По мере того, как разгоняющий луч рассеивался и ослабевал, корабль развертывал фотонные паруса, распуская одну за другой их заготовленные секции, пока не пришла пора сбросить их — уже за Плутоном. Только там запели его открытые в вакуум гравитурбины.
План экспедиции был чрезвычайно сложен, и найденыш решил пока что даже не трогать его. Зато он погрузился в историю астрогации, в документацию транссолярных путешествий — к 2117 году она насчитывала всего несколько полетов к альфе Центавра автоматических зондов с люменовыми двигателями, не обнаруживших у ближайшей соседки Солнца ничего, кроме двух поясов астероидов, перекрещенных и так сильно рассеянных, что не было никакой возможности узнать границ распространения губительных обломков. К моменту старта "Эвридики" ситуация изменилась коренным образом. Теоретический план познания Космоса претерпел несколько последовательных изменений. Господствующая в XXII веке тенденция ограничиться посылкой автоматических зондов была, к счастью, отброшена. Состояние экономики XXVII столетия позволяло высылать малые группы людей на очень больших самодоставочных единицах.

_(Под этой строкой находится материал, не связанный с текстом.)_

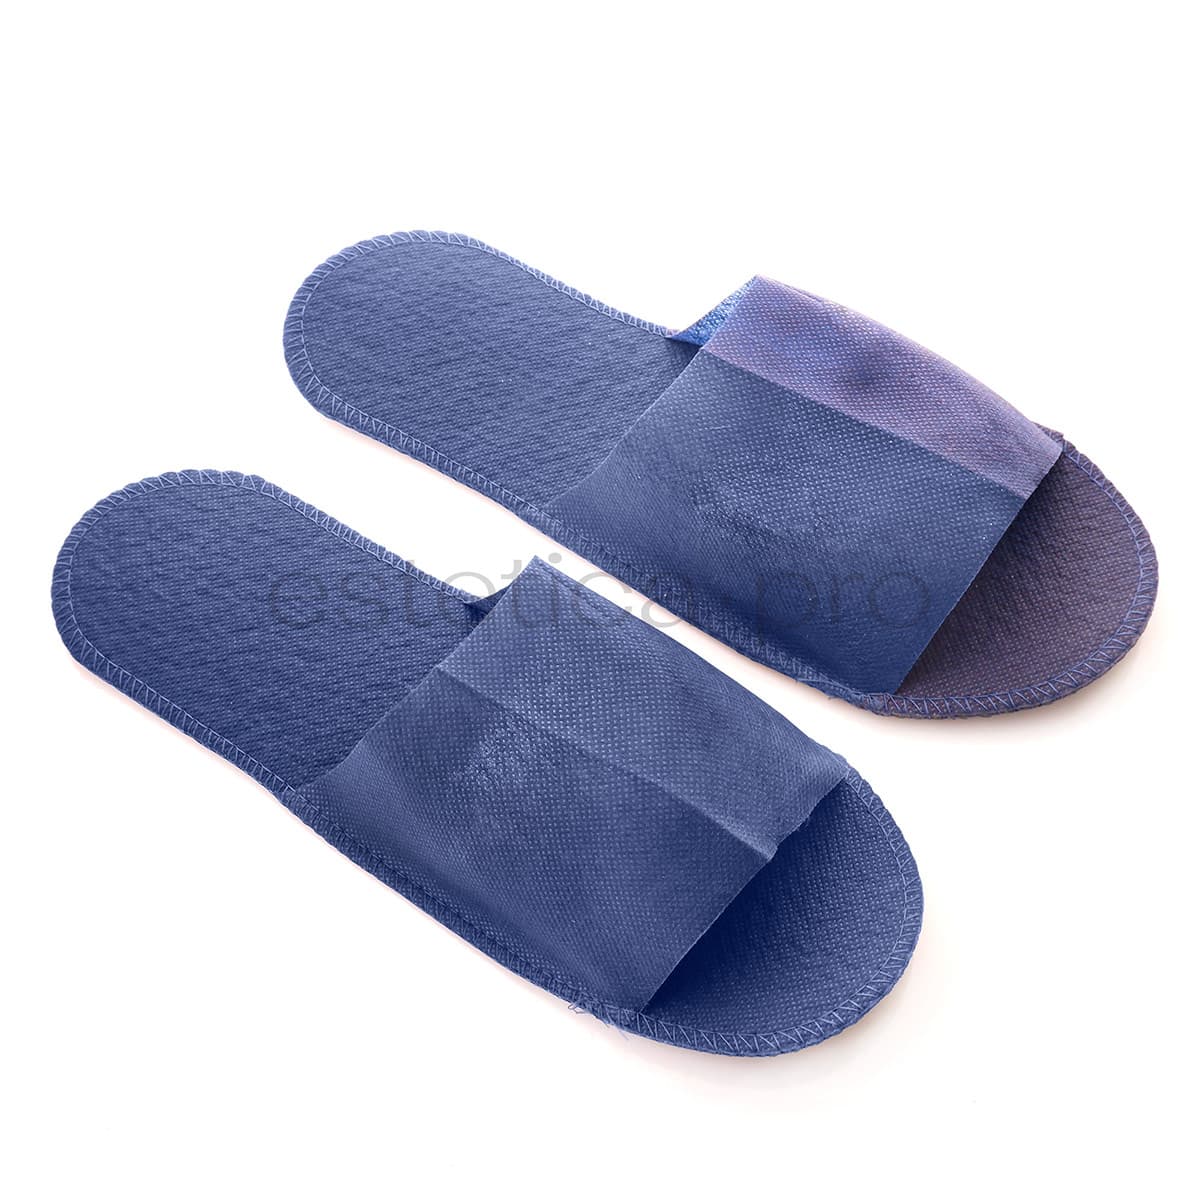 Тапочки с открытым носком на жесткой основе, 1 пара - синие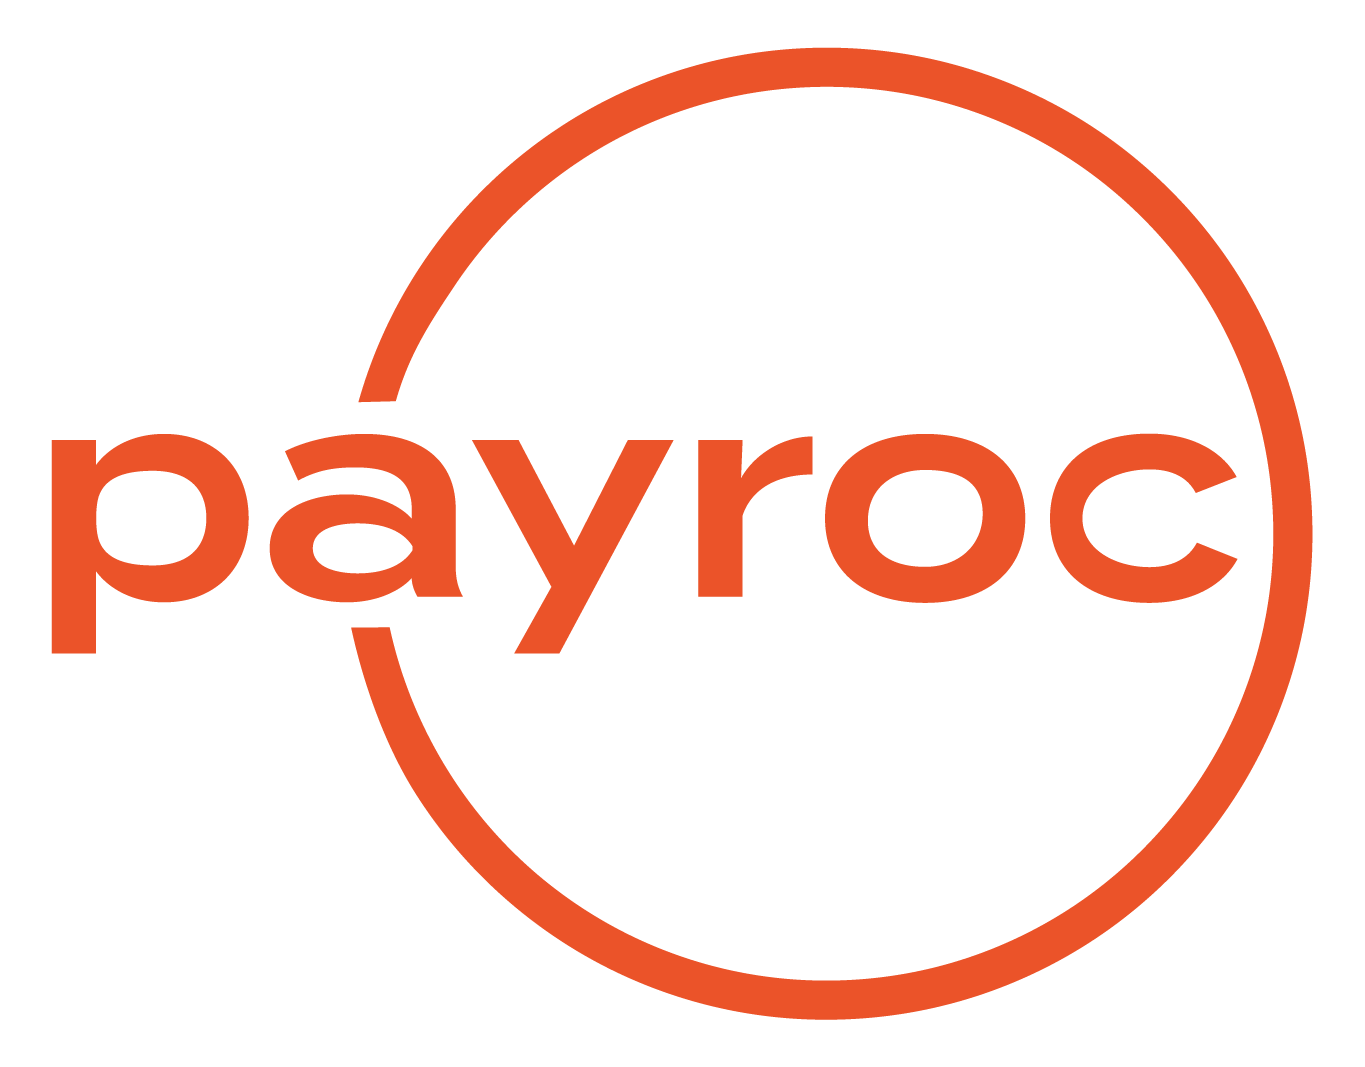 Payroc-logo.png

Однако теперь всё больше преобладали призывы концентрироваться на астроинженерии вблизи звезд, в пределах шара диаметром 10 парсеков, и не без причины.
Ещё в детстве найденыш мечтал, как в каком-то ближайшем созвездии обнаружится планета братьев по разуму. В XXVII столетии теория астрогации шагнула далеко вперед. Диапазон космических путешествий необычайно расширился. Гравитационные телескопы позволили детально изучить Галактику на глубину около тысячи световых лет; пространство в объеме порядка биллиона кубических парсеков было исследовано автоматическими зондами. На некоторых тяжелых, холодных планетах, удаленных от своих тусклых солнц, была обнаружена новая форма жизни, полимерно-кремниевая. Но, хотя биологи считали её тупиковым типом эволюции, земная белковая жизнь до сих пор оставалась единственной. Планеты других звезд мало походили на Землю. Всевозможные разновидности Венеры с марсианским климатом до сих пор оставались лучшим, что удалось найти.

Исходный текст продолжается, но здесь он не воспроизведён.